2.2.3. Faktor-faktor yang mempengaruhi lama harapan hidup pasien HD

A. Faktor-faktor yang tidak berhubungan dengan prosedur HD 1. Penyakit ginjal yang mendasarinya

Diantara penyakit ginjal yang mendasarinya, Glomerulonefritis Kronik (GNK) dan Penyakit Polikistik memiliki harapan hidup 5 tahun yang paling baik, diikuti hipertensi nefopati (HN) dan diabetes nefropati (DN) sebagai yang paling buruk yaitu hanya 20%. Pada tahun 2007, United States Renal Data System Annual Report mendapatkan bahwa penyebab utama kematian pasien HD adalah DN (44%) dengan harapan hidup 10 tahun hanya 4%.

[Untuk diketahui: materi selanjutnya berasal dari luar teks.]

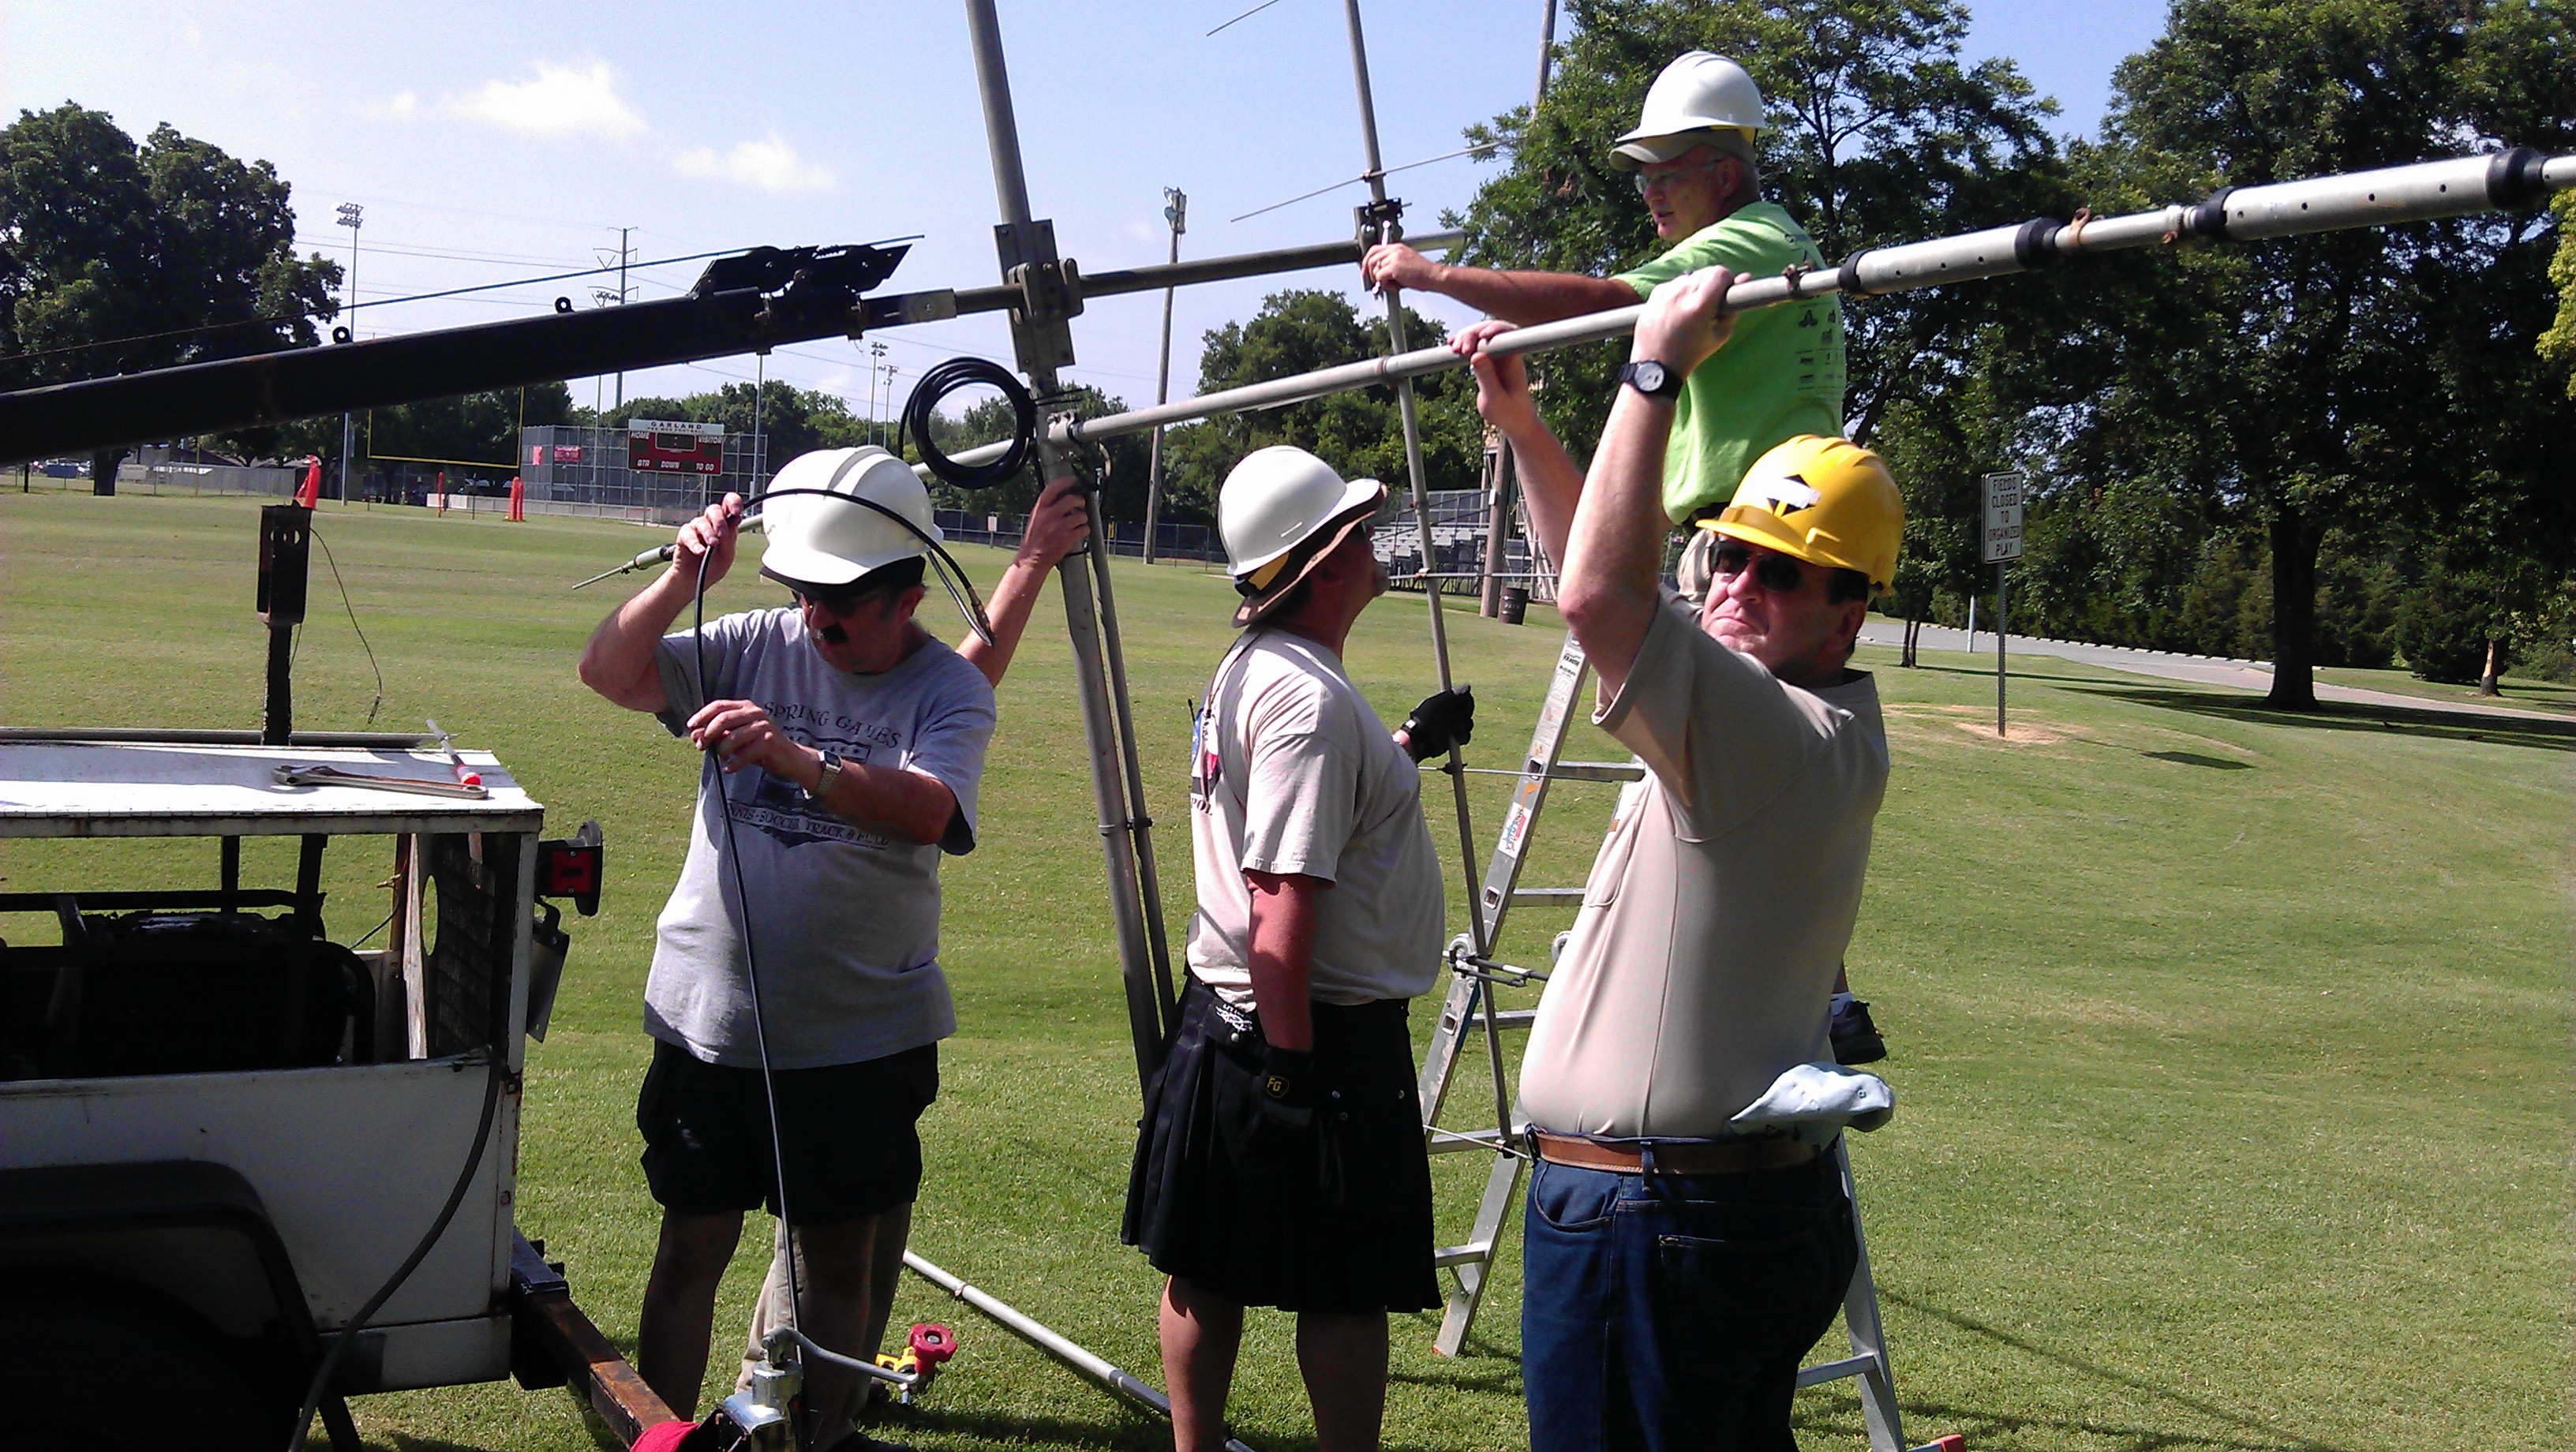 Wayne, Eric, Bill, and William getting the primary antenna ready

Gambar 2. Harapan hidup 5 tahun berdasarkan penyakit ginjal yang

mendasari di berbagai negara. 2. Usia

Harapan hidup pasien HD menurun sesuai pertambahan usia, dimana prognosa paling baik yaitu usia <45 tahun dan

prognosa paling buruk adalah usia lanjut dengan harapan hidup 5 dan 10 tahun hanya 15% dan 5%.

3. Malnutrisi

Penelitian membuktikan bahwa pasien yang bertubuh kecil (diukur dengan BMI) dan mengalami malnutrisi memiliki resiko lebih besar mengalami kematian. Sebaliknya, status nutrisi yang baik dengan Indeks Massa Tubuh yang tinggi meningkatkan harapan hidup.

4. Kadar Kalium

Resiko kematian jika kadar kalium <4 atau >5,6 mEq/L lebih besar dibanding dengan kadar kalium diantara 4,6-5,3 mEq/L. 5. Kontrol Keseimbangan Cairan

Buruknya kontrol cairan yang dinilai dengan tidak tercapainya dry weight dapat meningkatkan mortalitas. Ini dibuktikan pada penelitian Pillon dkk yang menggunakan BIA pada 3000 pasien HD, bahwa buruknya status cairan berupa peningkatan Total Body Water (TBW) dan Extra Cellular Water (ECW) meningkatkan mortalitas.

6.Suku

Harapan hidup pasien HD di United States bervariasi diantara berbagai suku bangsa, dimana Afrika-Amerika dan Asia- Amerika lebih rendah mortalitasnya dibanding kulit putih. Ini dibuktikan oleh penelitian Bleyer dkk, yang mendapatkan bahwa

harapan hidup 5 tahun kulit hitam, putih dan suku lainnya adalah 35, 25 dan 32%.

7. Keterlambatan Rujukan

Meskipun hanya observasi dan retrospektif, kebanyakan penelitian mendapatkan bahwa pasien yang terlambat dirujuk pada seorang ahli ginjal untuk mendapat terapi dialisis, memiliki resiko kematian yang lebih besar pada awal-awal menjalani dialisis dibandingkan dengan pasien yang dirujuk lebih dini.

8. Ketidakpatuhan

Ketidakpatuhan berupa bolos dari jadwal HD rutin dan makan minum sesukanya dapat meningkatkan mortalitas. Ini dibuktikan dengan penelitian pada 739 pasien HD, dimana 67 orang yang tidak patuh lebih tinggi mortalitasnya (hazard rasio: 1,69; 95% CI: 1,23-2,3).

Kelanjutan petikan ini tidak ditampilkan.